**Data segment:**
↓↓↓

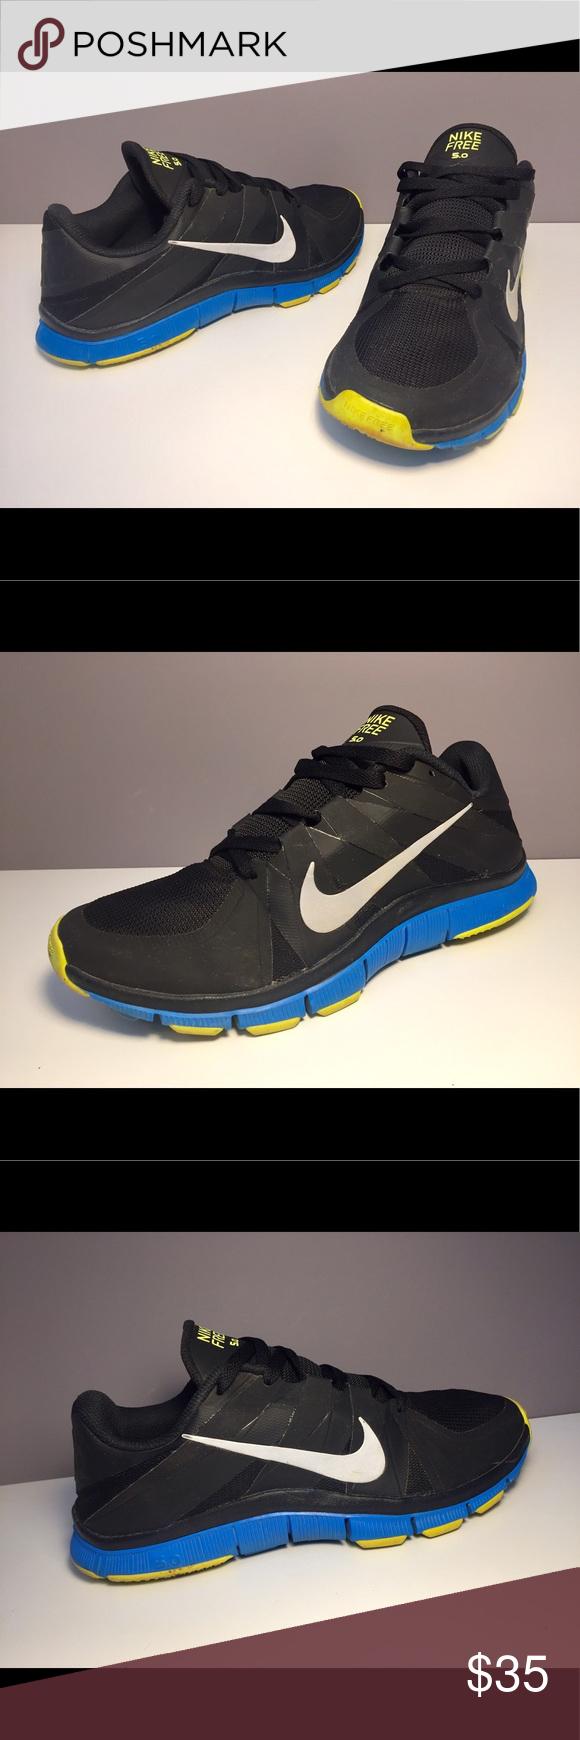 411a589e93fc Men s Nike Free Run 5.0 Shoes Men s Nike Free Run 5.0 Shoes - Size 10 -  Black
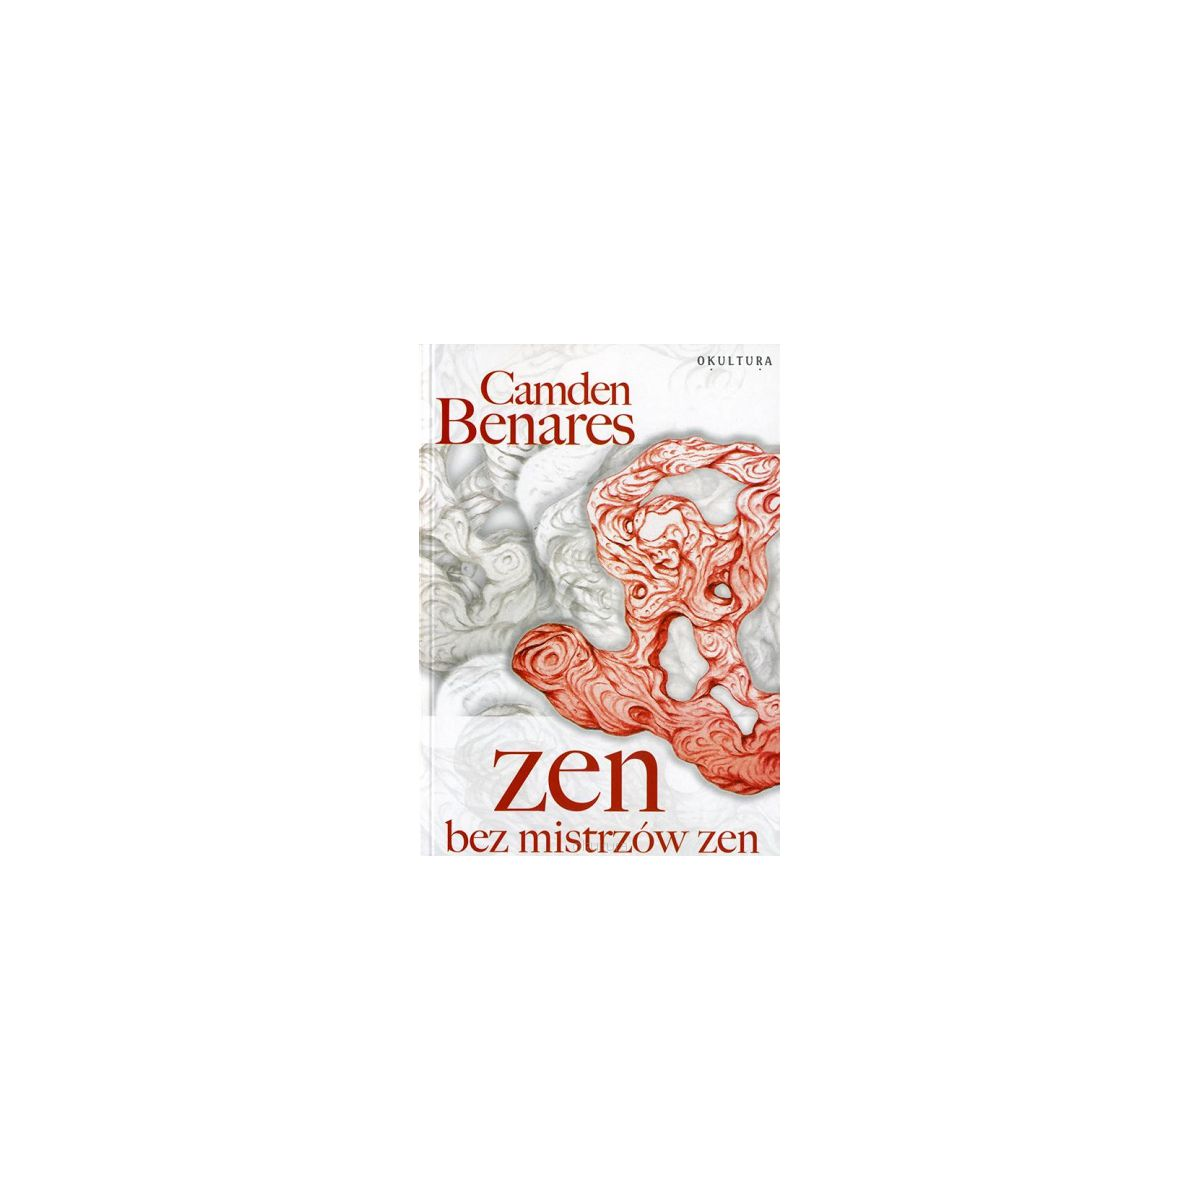 Zen bez mistrzów zen - Camden Benares
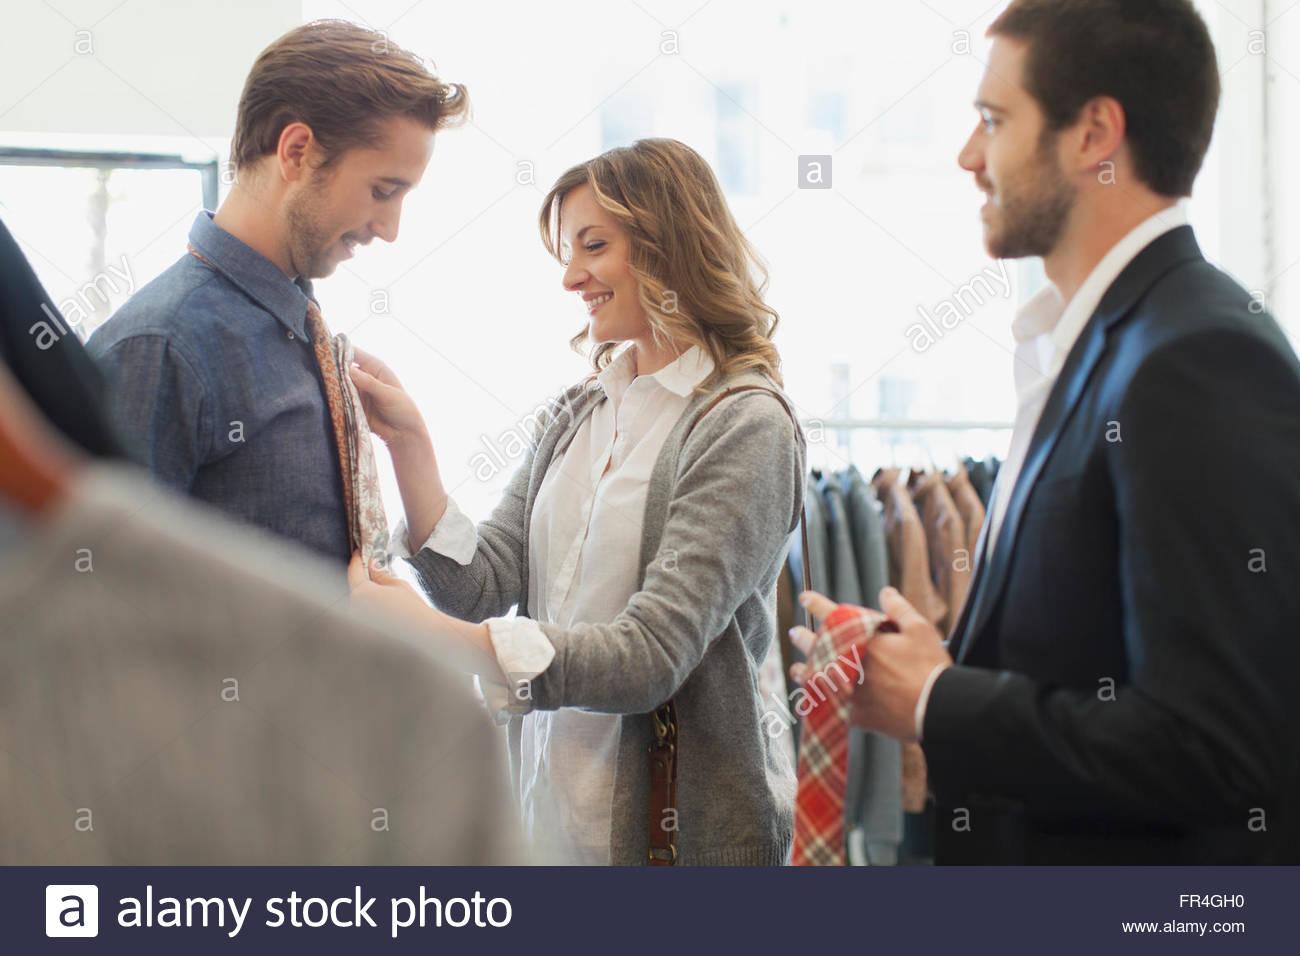 Sales clerk offering necktie options to couple. - Stock Image

↑↑↑

**Work order:** The reply must consist of the complete listing, reproduced exactly, with no images.

**Answer to this exercise:**
 411a589e93fc Men s Nike Free Run 5.0 Shoes Men s Nike Free Run 5.0 Shoes - Size 10 -  Black
 Zen bez mistrzów zen - Camden Benares
 Sales clerk offering necktie options to couple. - Stock Image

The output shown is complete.